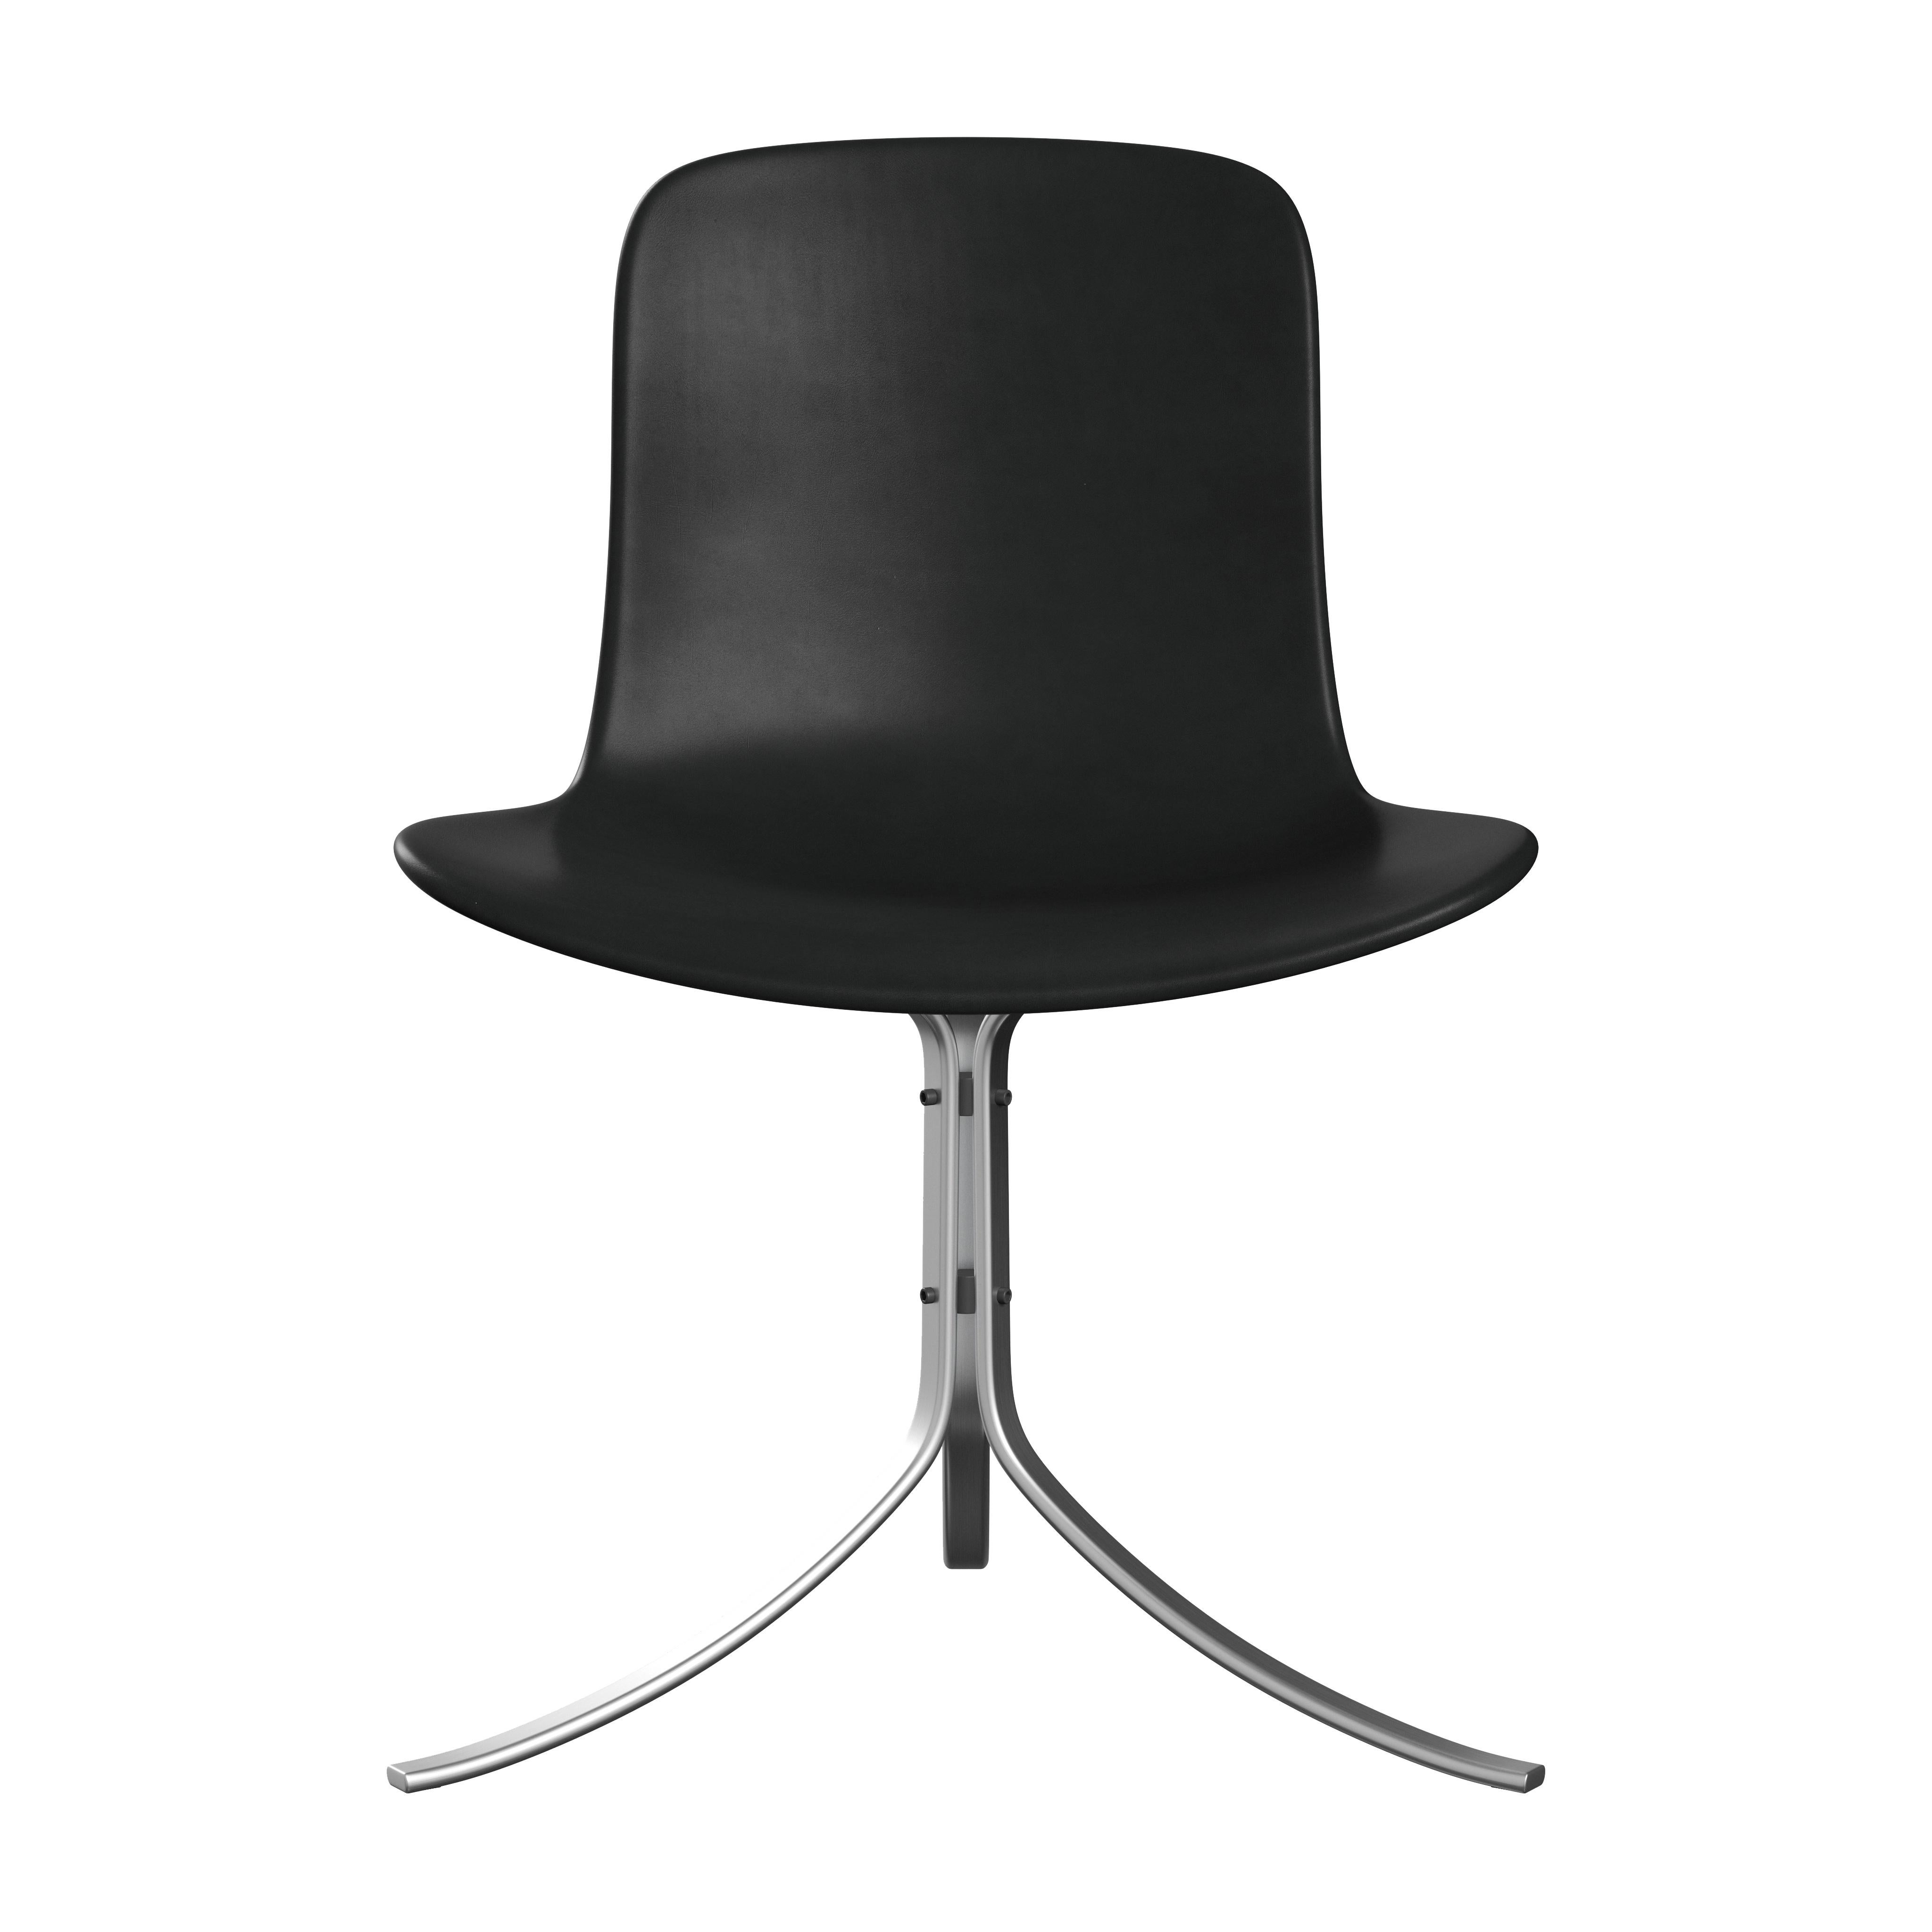 Poul Kjærholm 'PK9' Dining Chair for Fritz Hansen in Leather (Cat. 5) For Sale 4
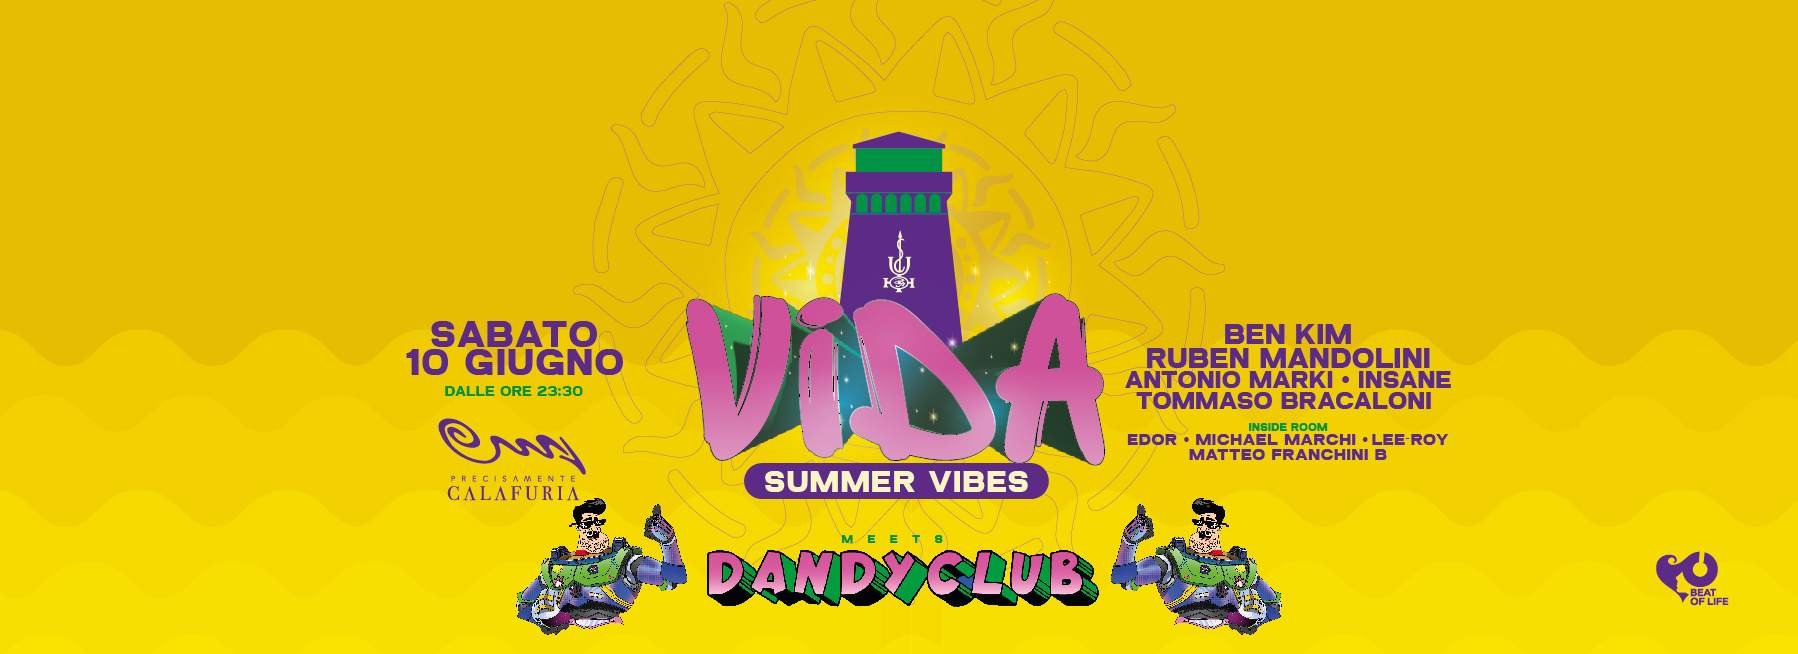 Vida Summer Vibes meets Dandy Club - フライヤー表
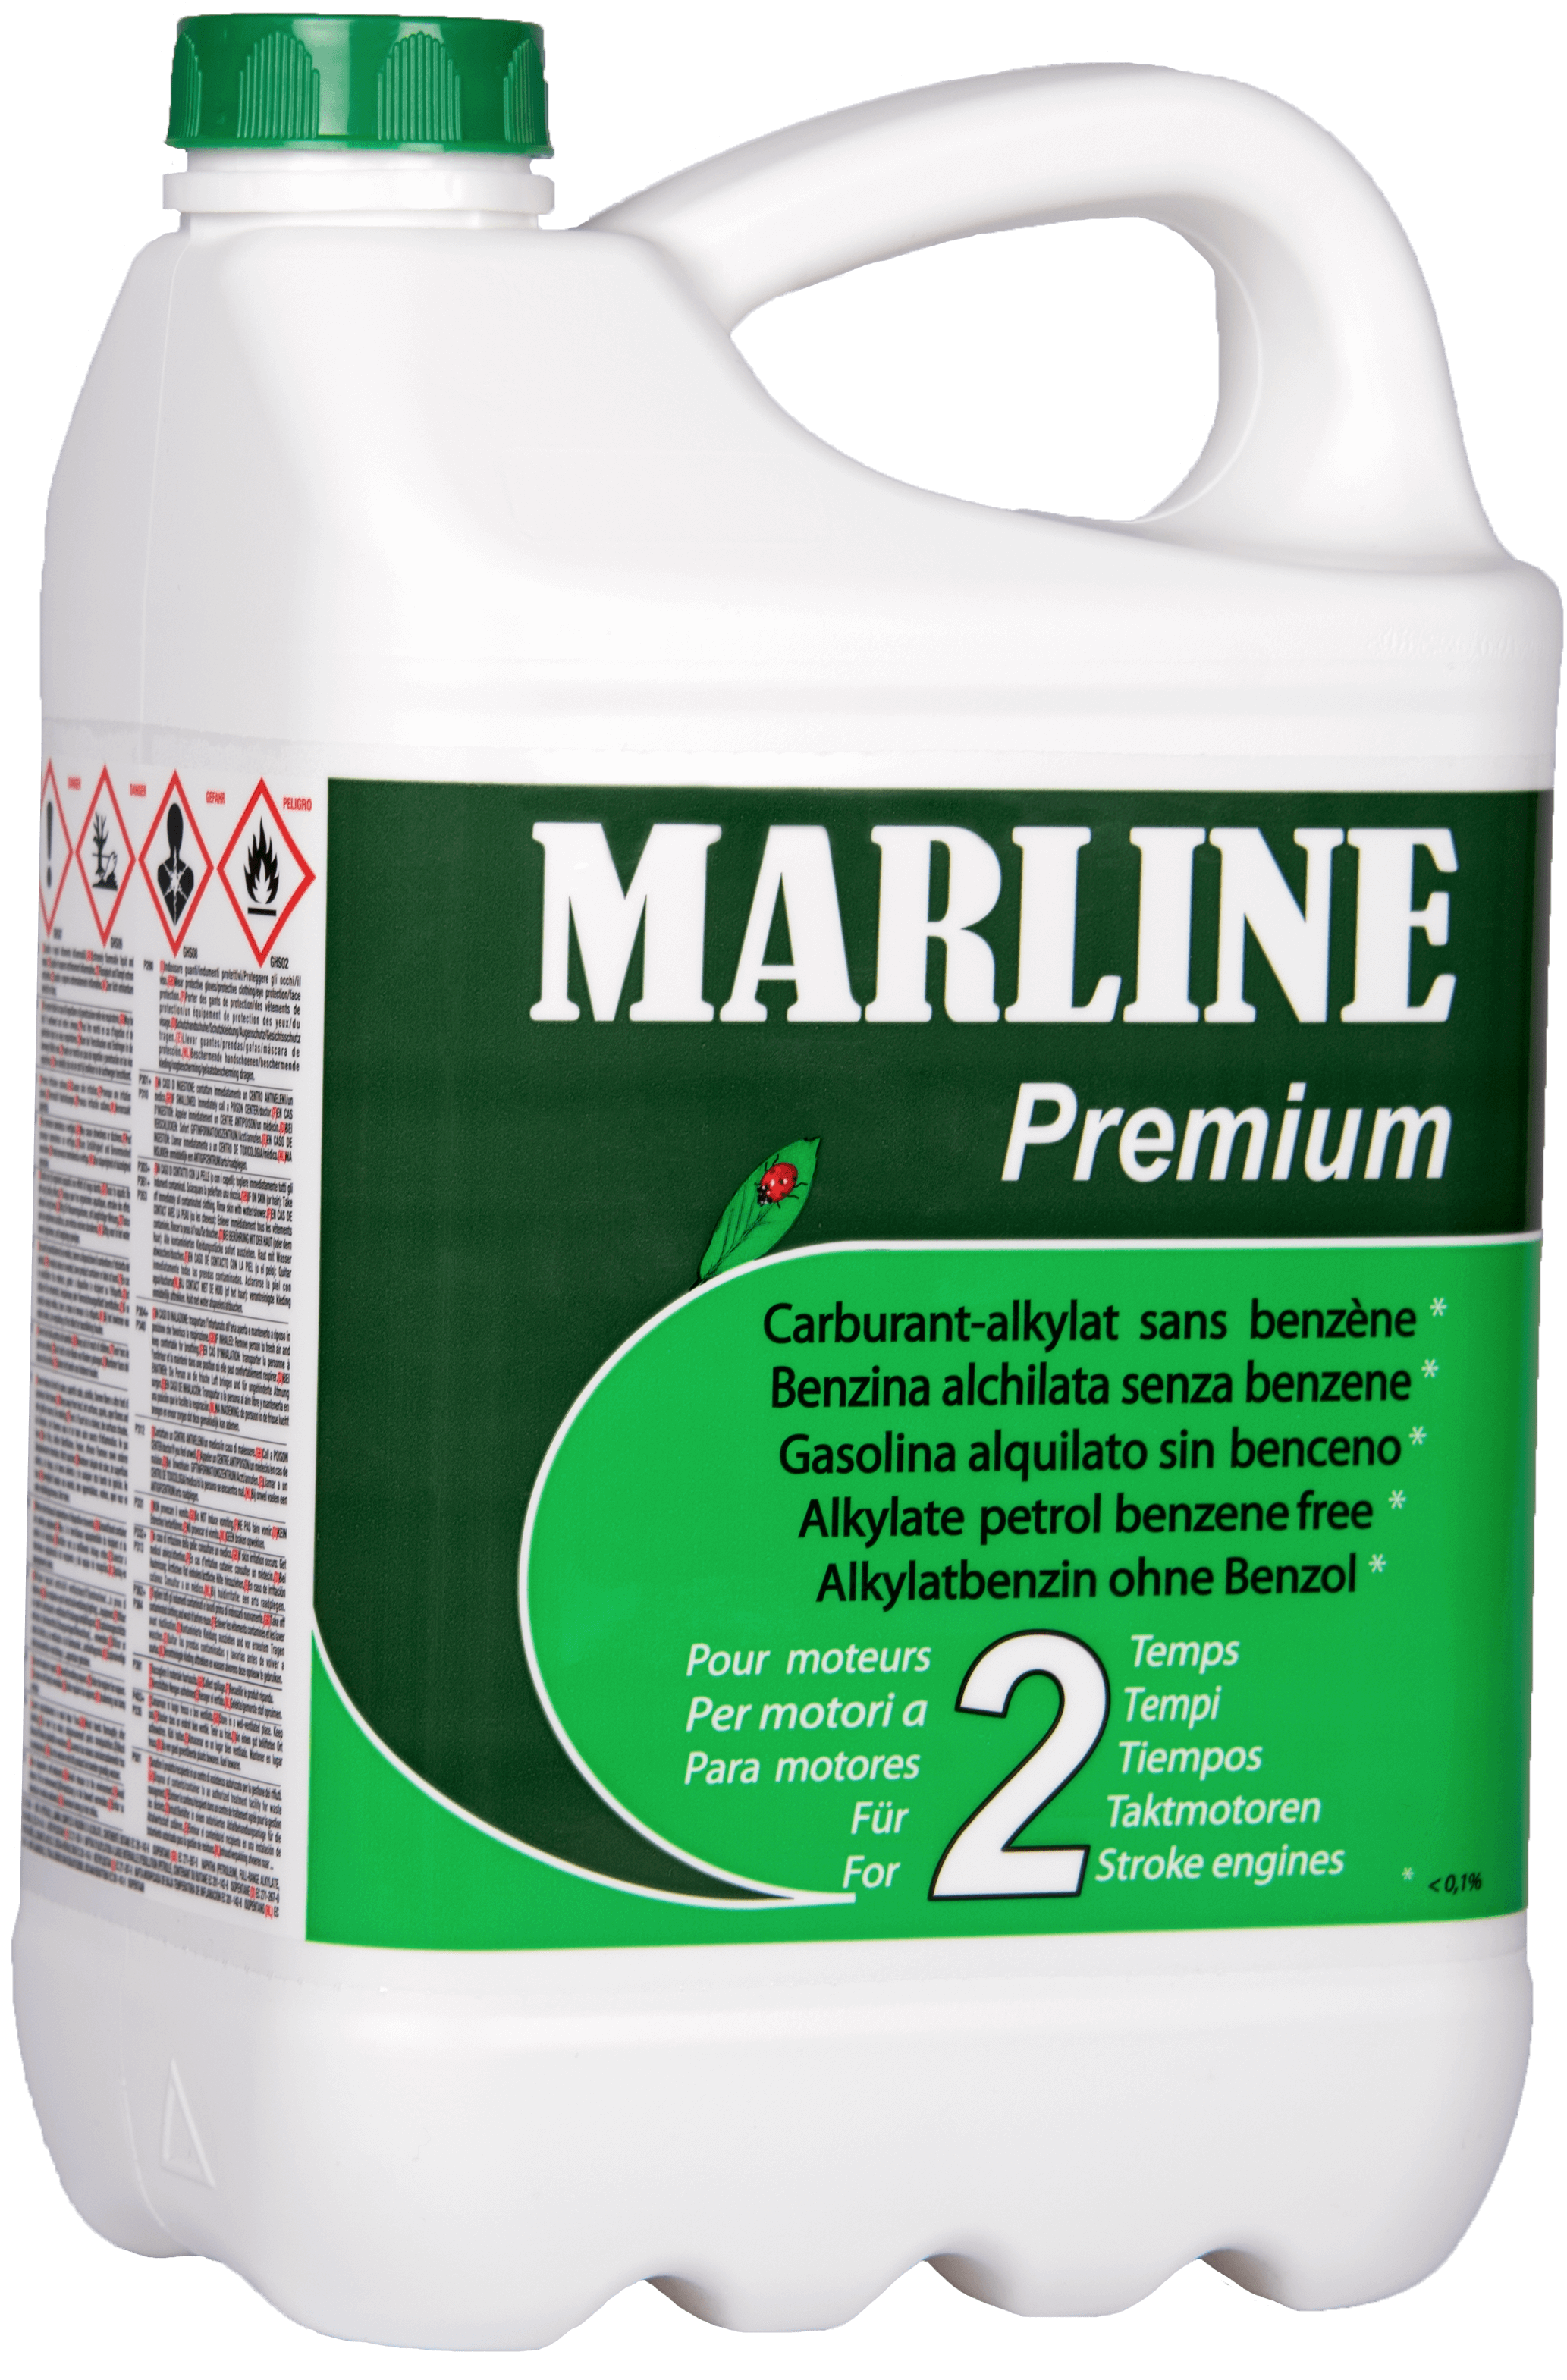 Marline logo

• [Exercise instructions] The answer is the whole listing retyped exactly, with pictures omitted.

• [Solution to the exercise]
 Poul Kjærholm 'PK9' Dining Chair for Fritz Hansen in Leather (Cat. 5) For Sale 4
 Vida Summer Vibes meets Dandy Club - フライヤー表
 Marline logo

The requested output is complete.